About I-value and I-rate
Citation: J.H. Collier, L.Allison, A.M. Lesk, M. Garcia de la Banda and A.S. Konagurthu. A new statistical framework to assess structural alignment quality using information compression. Bioinformatics (2014) 30 (17): i512-i518.
Distinguishing between competing alignments of protein structures is still a difficult problem after more than 30 years. It comes down to optimising for two competing objectives:
- Maximise the number of residue-residue correspondences, and
- Maximise the similarity between the structures after superposition.
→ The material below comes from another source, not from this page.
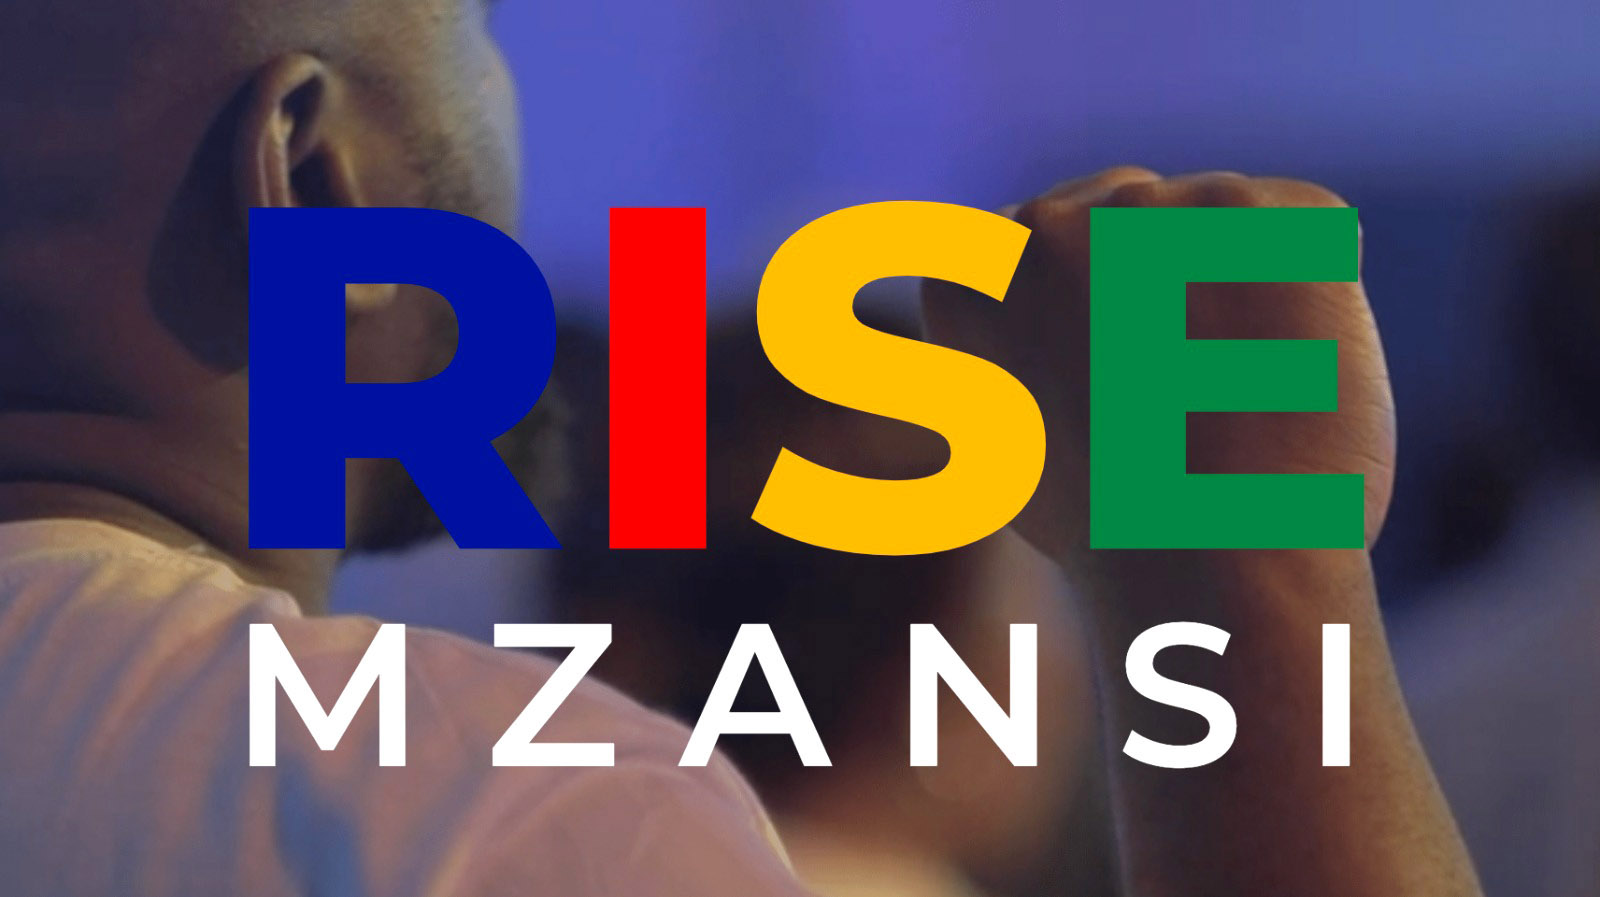 Rize Mzansi launch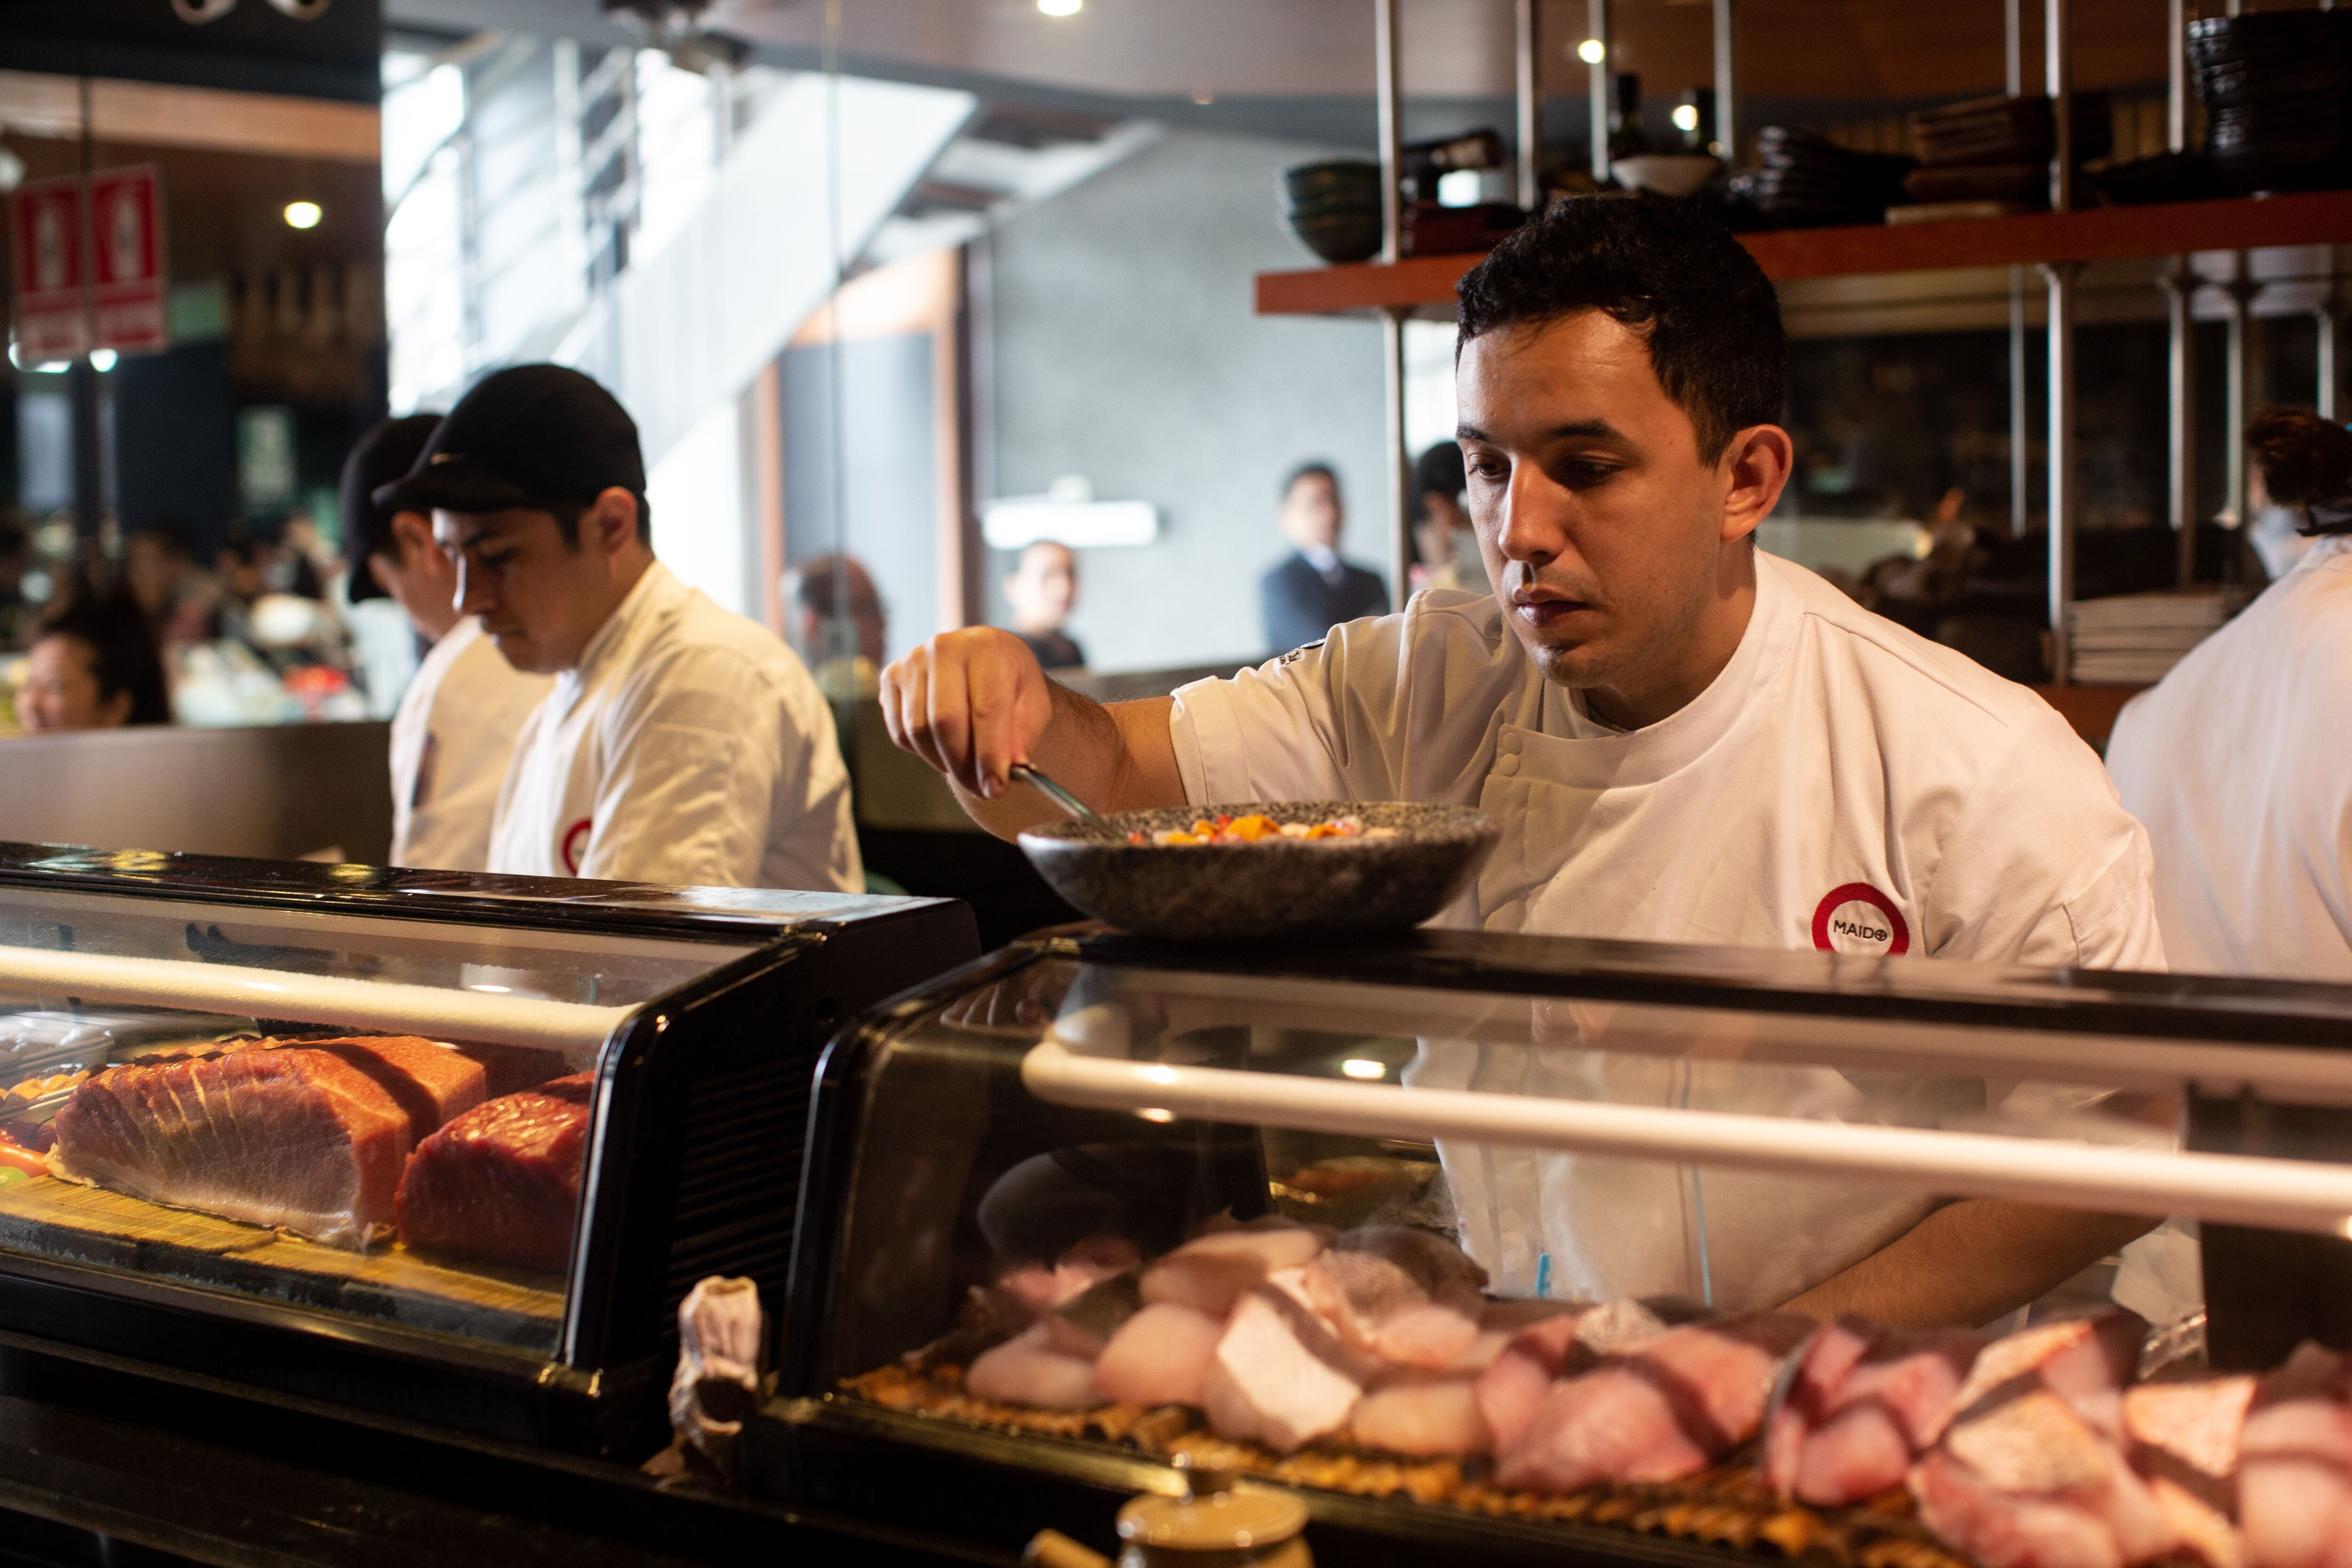 En Maido, elegido el Mejor restaurante de América Latina por los 50 Best, encuentras experiencias de 899, 1.549 y 1.249 soles por persona.

I-value, a new alignment evaluation method, leverages the inherent information content within protein structures by treating the alignment as a hypothesis on the similarity between structures. This allows the quality of an alignment to be quantified using the explanation message length.
Therefore, I-value has the following important properties:
- The difference in I-value between two competing alignments is their log-odds ratio,
- the Null Hypothesis is simply the raw encoding of the two structures separately (i.e. without the alignment/similarity hypothesis), and
- I-value is an objective trade-off between coverage and similarity without any arbitrary parameters of cut-offs.
I-rate refers to this server which can be used for two purposes. To calculate the I-value of a given alignment; or to decide which of two alignments is the best one. The mode of operation is chosen by selecting one of two radio buttons that appear at the top of the form.